Pamela, often called “Pixie,” was born in 1878 to a Jamaican-Creole mother and a white American father. She spent her early life between Jamaica, New York, and London, absorbing folklore, rhythm, and story across cultures. She was raised within the spiritual and artistic circles of her time, later joining the Hermetic Order of the Golden Dawn, a group devoted to esoteric studies and ceremonial magic.

In 1909, occult scholar A.E. Waite commissioned her to illustrate a new tarot deck.

The Sacred Process

Pamela had a rare form of perception known as synesthesia, an ability to see images while listening to music or spoken word. She described her creative flow as scenes appearing in her mind.

When she began drawing the tarot cards, she created not just pictures, but living archetypes. She filled the Minor Arcana with full visual scenes for the first time in tarot history — allowing readers to interpret meaning through posture, color, gesture, and surrounding elements.

Ridder Waite Smith Tarot Deck

Her illustrations drew from Christian mysticism, folklore, theater, Kabbalah, and symbolism in ways that felt timeless.

In just a few months, she created 78 cards that continue to guide spiritual seekers, artists, and mystics around the world.

Her Name Was Left Behind, But Her Work Stayed

Although her art brought tarot to life, Pamela’s name was not included in the original publication. For decades, the deck was known only as the Rider-Waite Tarot — named after the publisher and the scholar who directed the project.

Pamela was a woman, an artist of color, and financially unstable, all factors that contributed to her being overlooked in her own time.
She died in near poverty in 1951 and was buried in an unmarked grave.

Yet her cards never disappeared.
Her images continued to speak — across cultures, generations, and spiritual traditions.

Today, the deck is rightfully known as the Rider-Waite-Smith Tarot, honoring the woman who channeled its vision.

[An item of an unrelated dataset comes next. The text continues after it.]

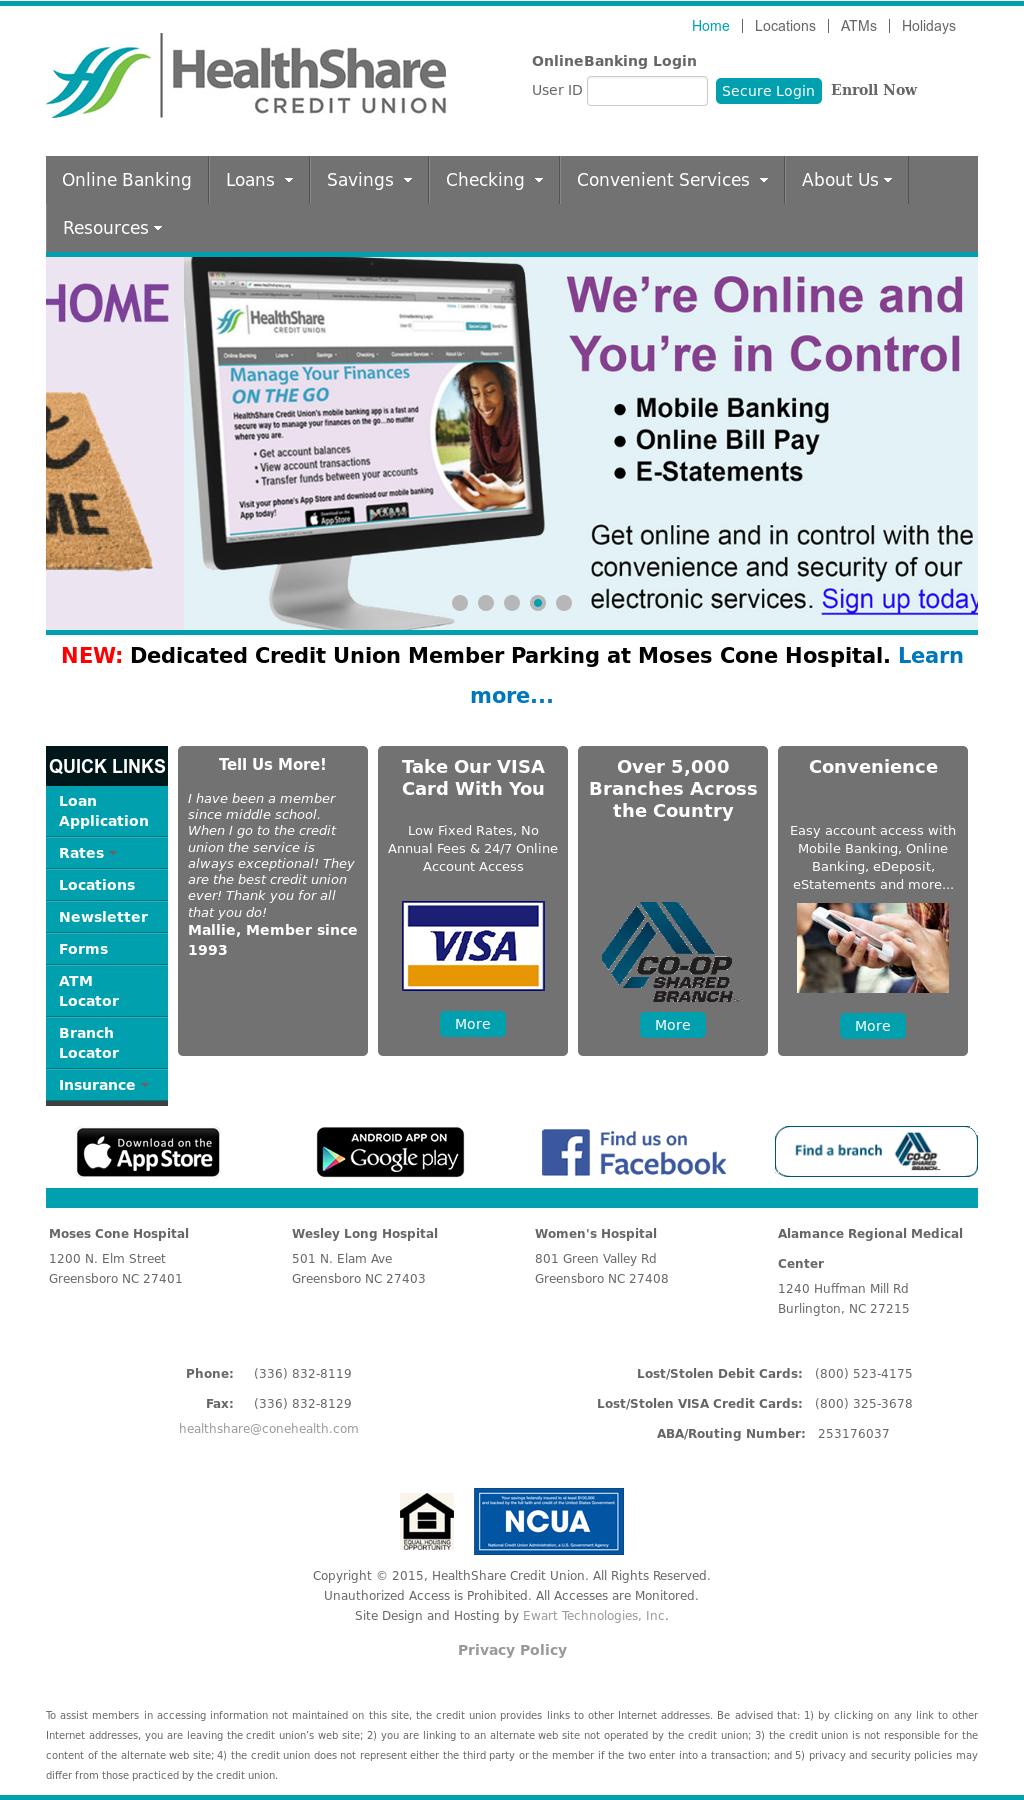 ghccu Ghccu Competitors, Revenue and Employees - Owler Company Profile

A Mystic in Image and Gesture

Pamela Colman Smith carried a form of mysticism rooted in symbol, storytelling, and spiritual art.
She may not have led public ceremonies or founded religious communities, but she left behind a complete visual language for personal transformation.

Pamela shows us that spiritual authority also lives in creativity. She reminds us that vision, when anchored in Spirit, becomes medicine.

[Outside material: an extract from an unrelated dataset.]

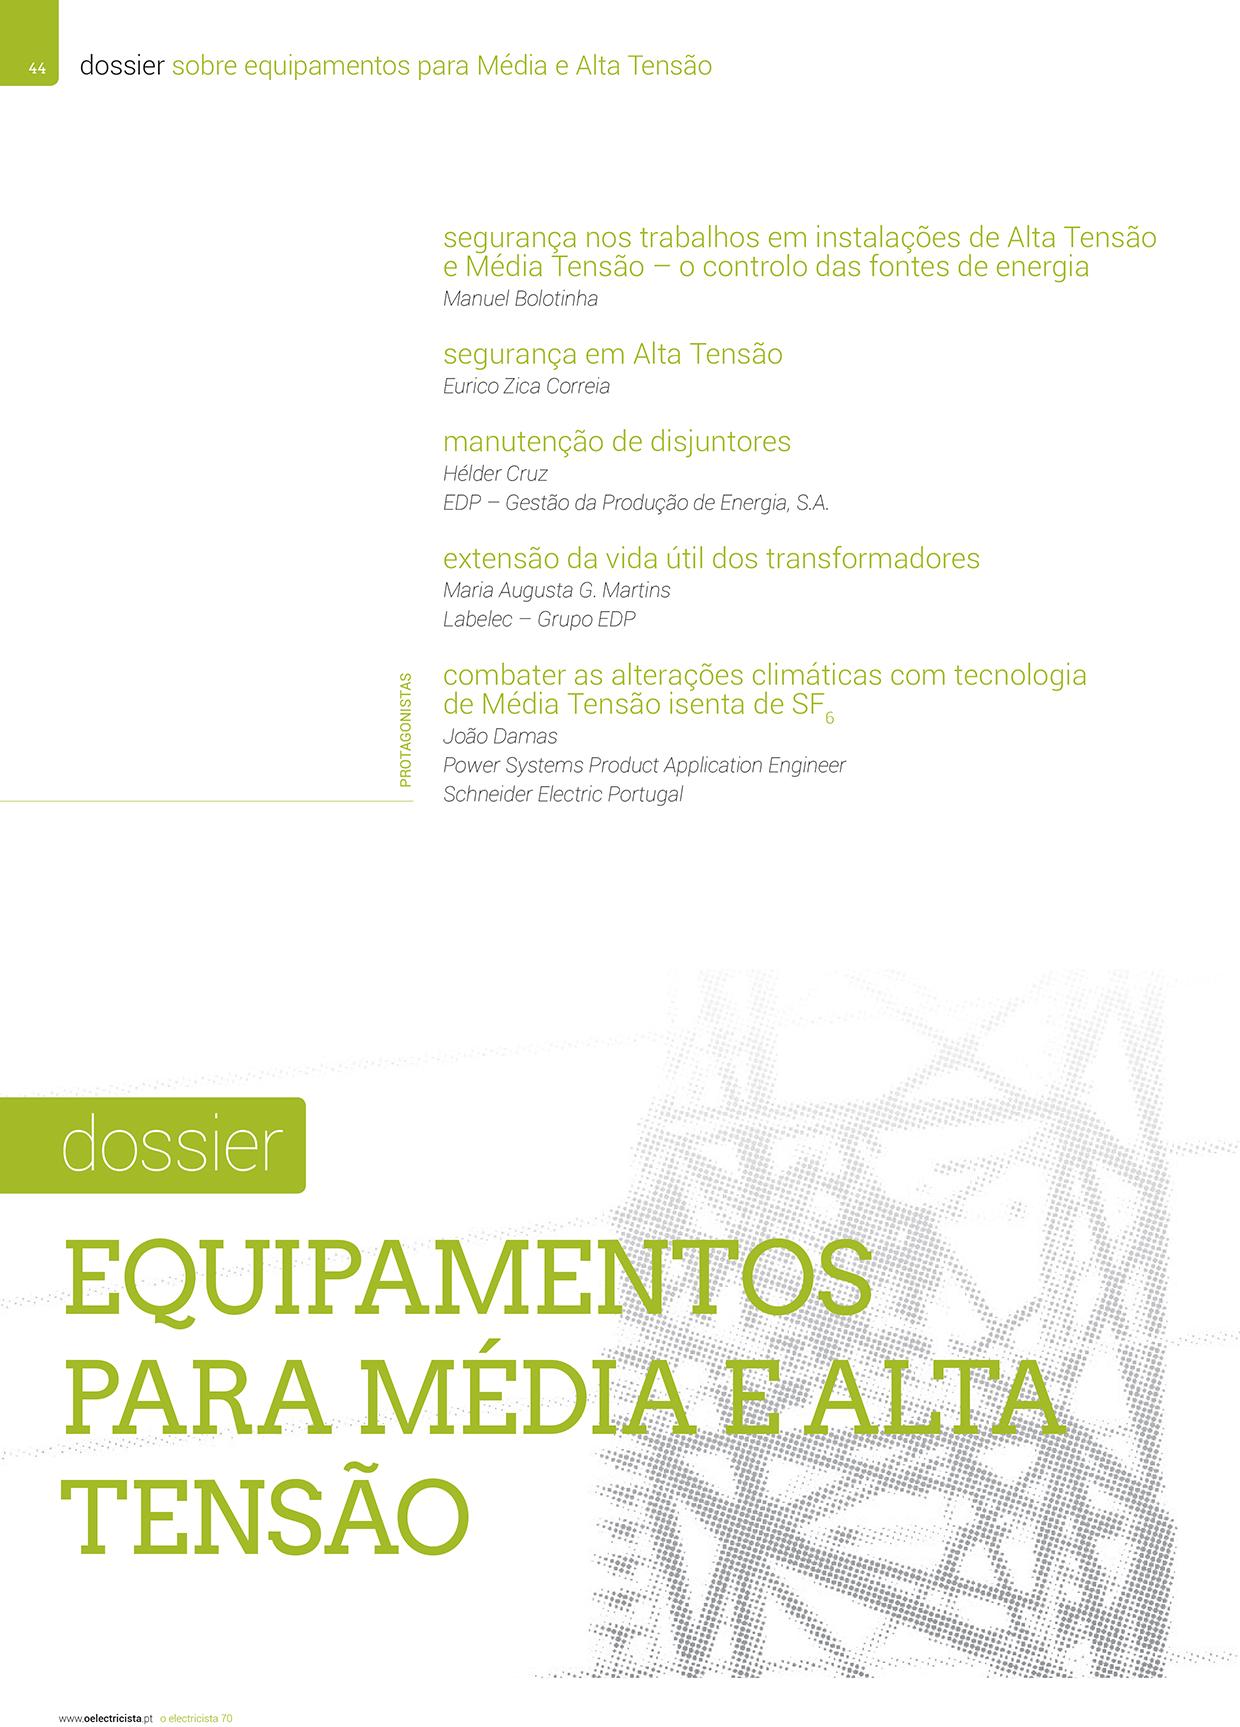 Dossier sobre Equipamentos para Média e Alta Tensão

Her tarot cards still guide people through heartbreak, transition, and transformation with striking warmth and humanity.

What This Research Taught Me

Their lives may have looked different, a preacher, a healer, a builder, an artist but each woman followed the blueprint written into her soul.

So follow your intuition, is the message, even when no one else sees it. Messages do not come to you by accident. What you feel, what you see, is not random. You were chosen to receive it, to carry it, and to pass it on.

Final Thought

Black female mysticism is not a chapter in history. It lives within all of us. When we reclaim our power, our voices and our visions. We’re continuing a legacy that was always meant to rise.